I can't say Gail Collins is one of my favorite pundits. Most of the time she's flirting with Brooks/Broder territory or doing a bad La Dowd impression. But today she did manage to put her finger on something we've been following for awhile and she did a pretty fair job of summing up the disaster that is what's left of the govt's college loan programs after Bush's years of "privatizing", even bluntly asking the one question that actually matters.
And then, there’s the epicenter of the college loan strangeness, the federally guaranteed loans. This is a system that goes something like this:
¶We the taxpayers pay the banks to make loans to students.
¶We the taxpayers then guarantee the loans so the banks won’t lose money if the students don’t pay.
¶We the taxpayers then buy back the loans from the banks so they can make more loans to students, for which we will then pay them more rewards.
Are you with me so far? Wait, I see a hand waving back there. What’s that, sir? You want to know why the government doesn’t just lend the money out itself? Excellent question!
The White House estimates that it could save about $94 billion over 10 years if it cut out all the middlemen. And it has the basis of a system in place, since the Department of Education already makes a lot of direct loans to students.
That's more or less what used to happen. Although pre-Bush the system she describes above existed, it was a relatively small program next to things like Pell Grants and direct govt education loans through the DoEd.
With tuitions soaring out of sight, college is becoming something only the rich can afford.
None of these things, however, are nearly as confusing as student loans.
There was a time when kids whose parents couldn’t afford to pay for college just worked their way through. But the price has gone up so fast — more than twice as fast as inflation over the last two decades — that it’s not an option any more, unless the student in question is planning to be a sophomore through 2020, or is exploring the possibility of part-time employment in armed robbery.
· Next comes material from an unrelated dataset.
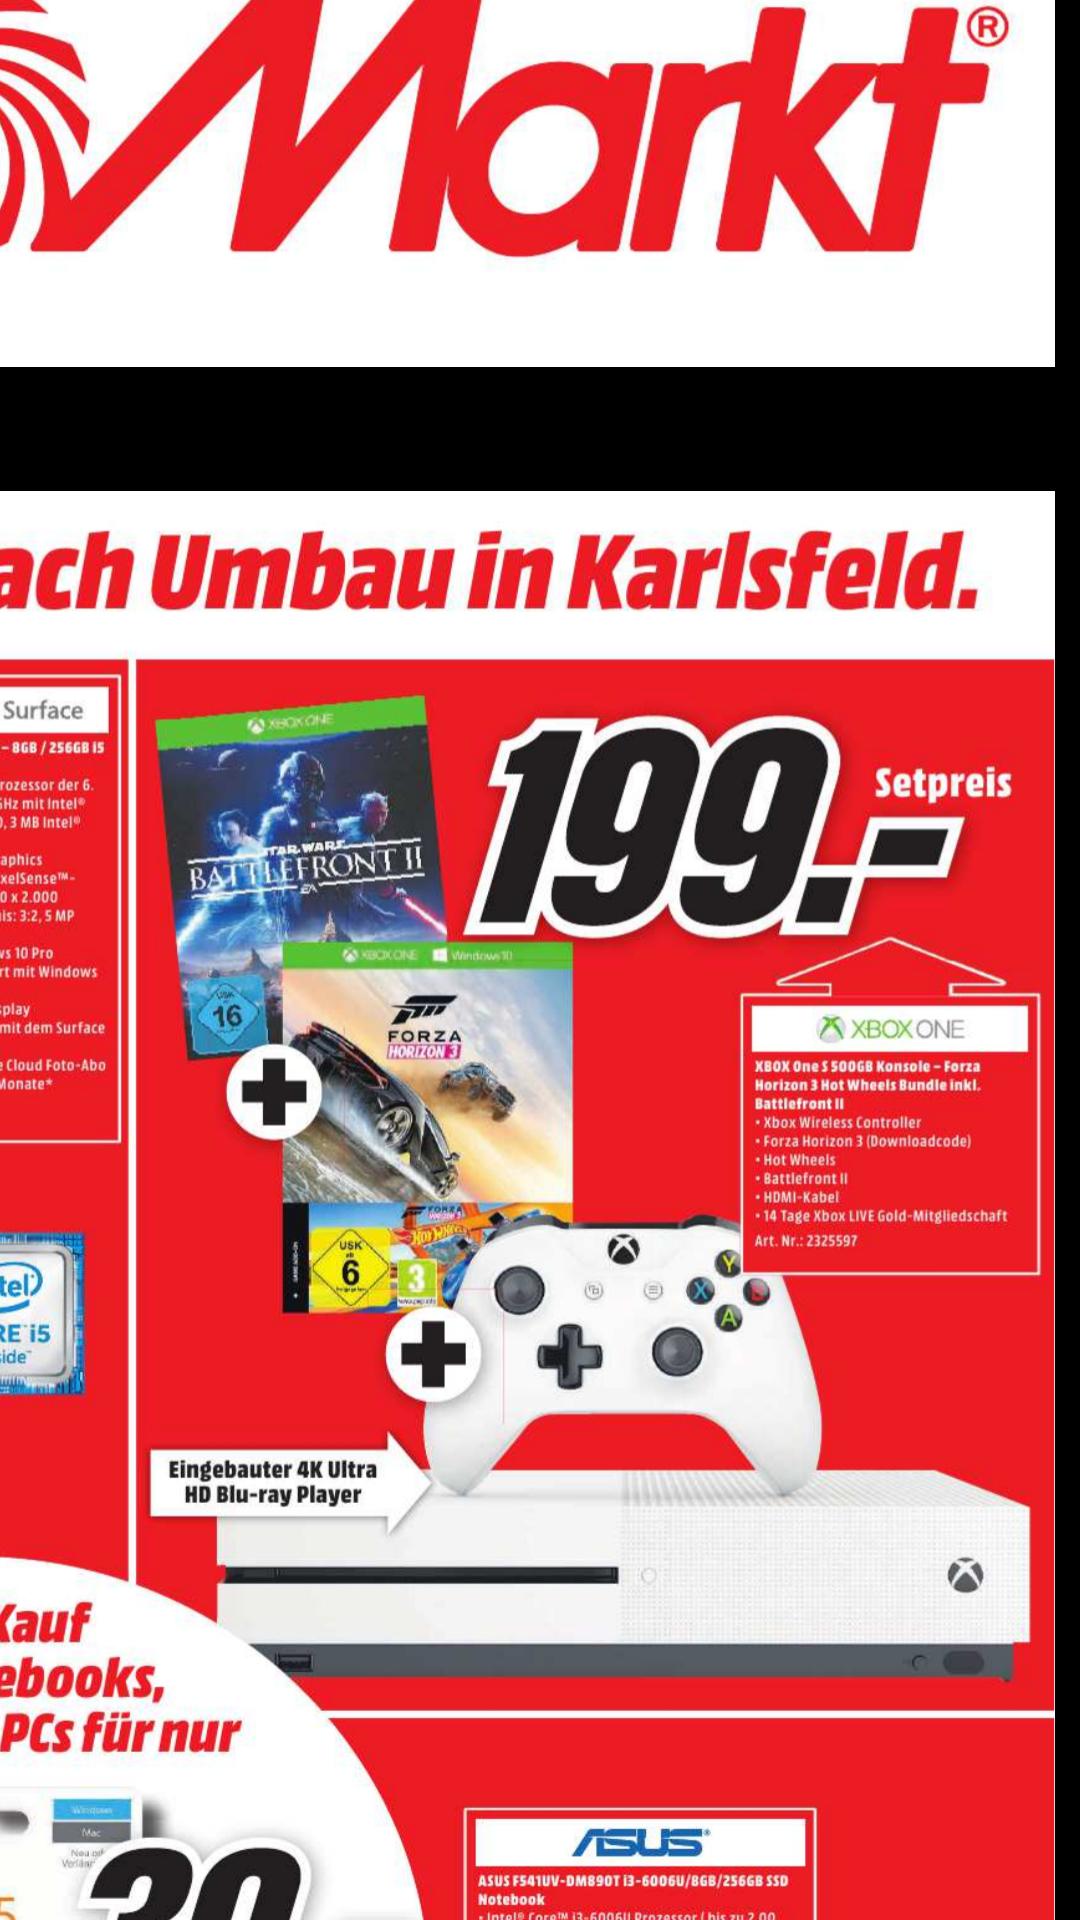 (MM Karlsfeld) XBox One S 500 GB + Forza Horizon 3 + Hot Wheels Add-on + Star Wars BF2

Yup, that's about where we stand. Yet jobs that don't require the college degrees that poorer families can't afford to pay for have been largely moved offshore by companies eager to eliminate the threat of unionization by moving their operations to countries that kill or imprison trade unionists. So we're cutting scads of low-income kids out of college (or pushing them into forever-debt at high interest rates when we deign to let them attend) and then globalizing the only jobs we'd hire them to do.
Where are they supposed to go to earn a living? When wingnuts, who seem to identify only with the rich, get apoplectic over welfare and unemployment because, godammit, all those people should just go out and get a goddamn job, exactly what jobs is it they're supposed to get? During the Bush Era alone, some 15 million jobs were relocated overseas. They've never come back. Fewer than half that number were created to replace them, and we're still hemorrhaging jobs to the tune of thousands a month.
I mean, look at the picture: a generation of kids kept out of school who can't find jobs because American companies gave them to peasants in Sri Lanka. Does the ruling class want riots in the street?
When you take away education, you take away hope. When you take away hope, you take away any reason for people to respect the social contract. Do the math.